Ow, you do break my head with these things.

I'm pretty sure you're on to something here, it certainly looks
suspicious.  But I've not yet convinced myself that what you (or
Linus) propose is the right answer - I was going to think through
some more, but spotting the other from Linus thought I ought at
least to introduce you to each other ;)

My problem is really with the smp_read_barrier_depends() you each
have in anon_vma_prepare().  But the only thing which its CPU
does with the anon_vma is put its address into a struct page
(or am I forgetting more?).  Wouldn't the smp_read_barrier_depends()
need to be, not there in anon_vma_prepare(), but over on the third
CPU, perhaps in page_lock_anon_vma()?

I've also been toying with the idea of taking the newly alloc'ed
anon_vma's lock here in the !vma->anon_vma case, instead of having
that "locked = NULL" business.  That might be a good idea, but I'm
rather thinking it doesn't quite address the issue at hand.

Taking a break...

Hugh

> ---
> Index: linux-2.6/mm/rmap.c
> ===================================================================
> --- linux-2.6.orig/mm/rmap.c
> +++ linux-2.6/mm/rmap.c
> @@ -81,8 +81,15 @@ int anon_vma_prepare(struct vm_area_stru
>  		/* page_table_lock to protect against threads */
>  		spin_lock(&mm->page_table_lock);
>  		if (likely(!vma->anon_vma)) {
> -			vma->anon_vma = anon_vma;
>  			list_add_tail(&vma->anon_vma_node, &anon_vma->head);
> +			/*
> +			 * This smp_wmb() is required to order all previous
> +			 * stores to initialize the anon_vma (by the slab
> +			 * ctor) and add this vma, with the store to make it
> +			 * visible to other CPUs via vma->anon_vma.
> +			 */
> +			smp_wmb();
> +			vma->anon_vma = anon_vma;
>  			allocated = NULL;
>  		}
>  		spin_unlock(&mm->page_table_lock);
> @@ -91,6 +98,15 @@ int anon_vma_prepare(struct vm_area_stru
>  			spin_unlock(&locked->lock);
>  		if (unlikely(allocated))
>  			anon_vma_free(allocated);
> +	} else {
> +		/*
> +		 * This smp_read_barrier_depends is required to order the data
> +		 * dependent loads of fields in anon_vma, with the load of the
> +		 * anon_vma pointer vma->anon_vma.

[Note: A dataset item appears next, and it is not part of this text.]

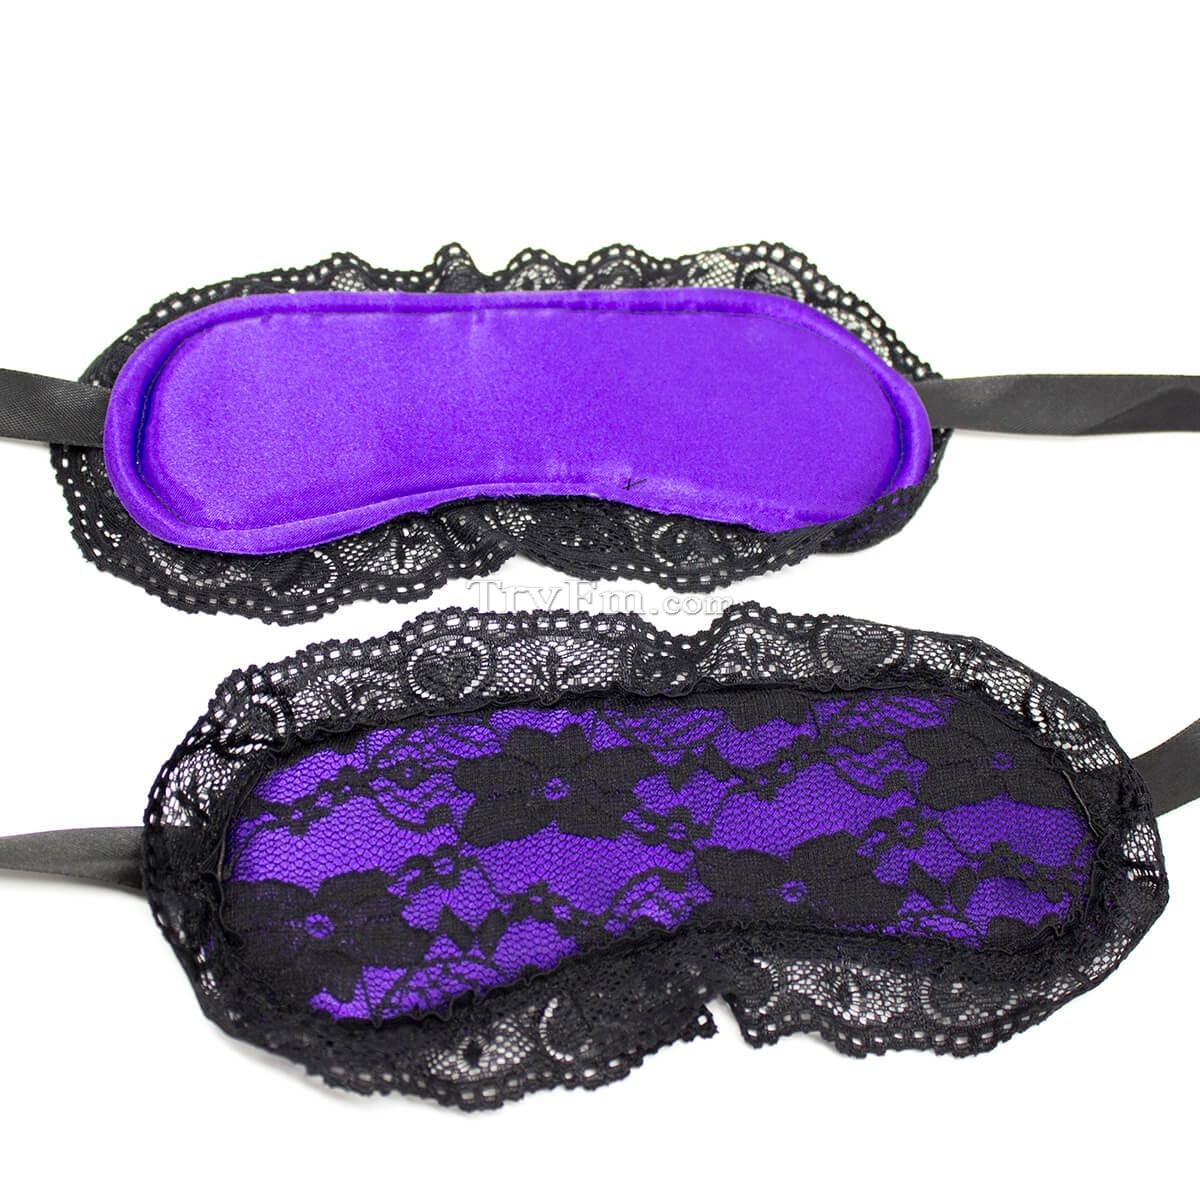 2-lace-blindfold-handcuffs-set-purple17.jpg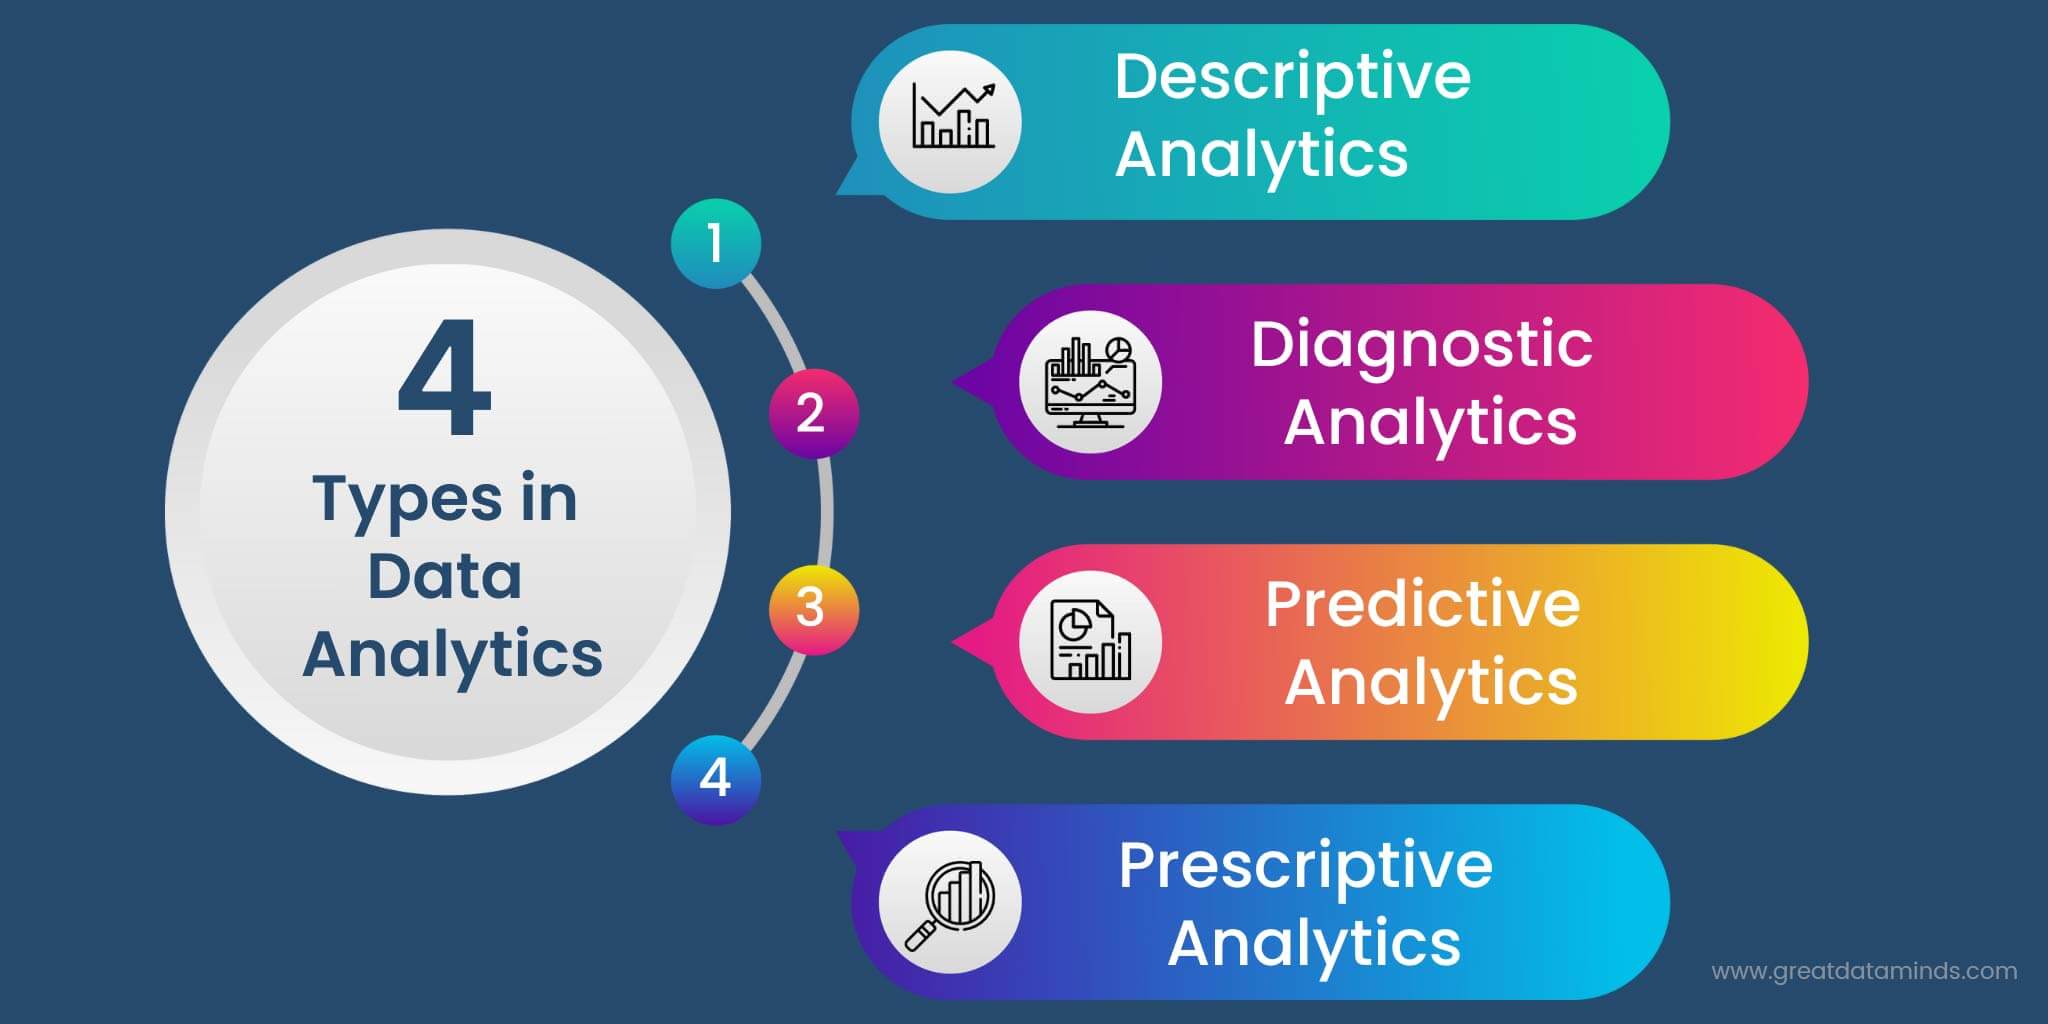 4 Areas of Data Analytics

This complements the above
> +		 * smp_wmb, and prevents a CPU from loading uninitialized
> +		 * contents of anon_vma.
> +		 */
> +		smp_read_barrier_depends();
>  	}
>  	return 0;
>  }

Re: [patch] mm: fix anon_vma races

[Linus Torvalds]

On Fri, 17 Oct 2008, Hugh Dickins wrote:
> 
> My problem is really with the smp_read_barrier_depends() you each
> have in anon_vma_prepare().  But the only thing which its CPU
> does with the anon_vma is put its address into a struct page
> (or am I forgetting more?).  Wouldn't the smp_read_barrier_depends()
> need to be, not there in anon_vma_prepare(), but over on the third
> CPU, perhaps in page_lock_anon_vma()?

I thought about it, but it's a disaster from a maintenance standpoint to 
put it there, rather than make it all clear in the _one_ function that 
actually does things optimistically.

I agree that it's a bit subtle the way I did it (haven't seen Nick's 
patch, I assume he was upset at me for shouting at him), but that's part 
of why I put that comment in there and said things are subtle.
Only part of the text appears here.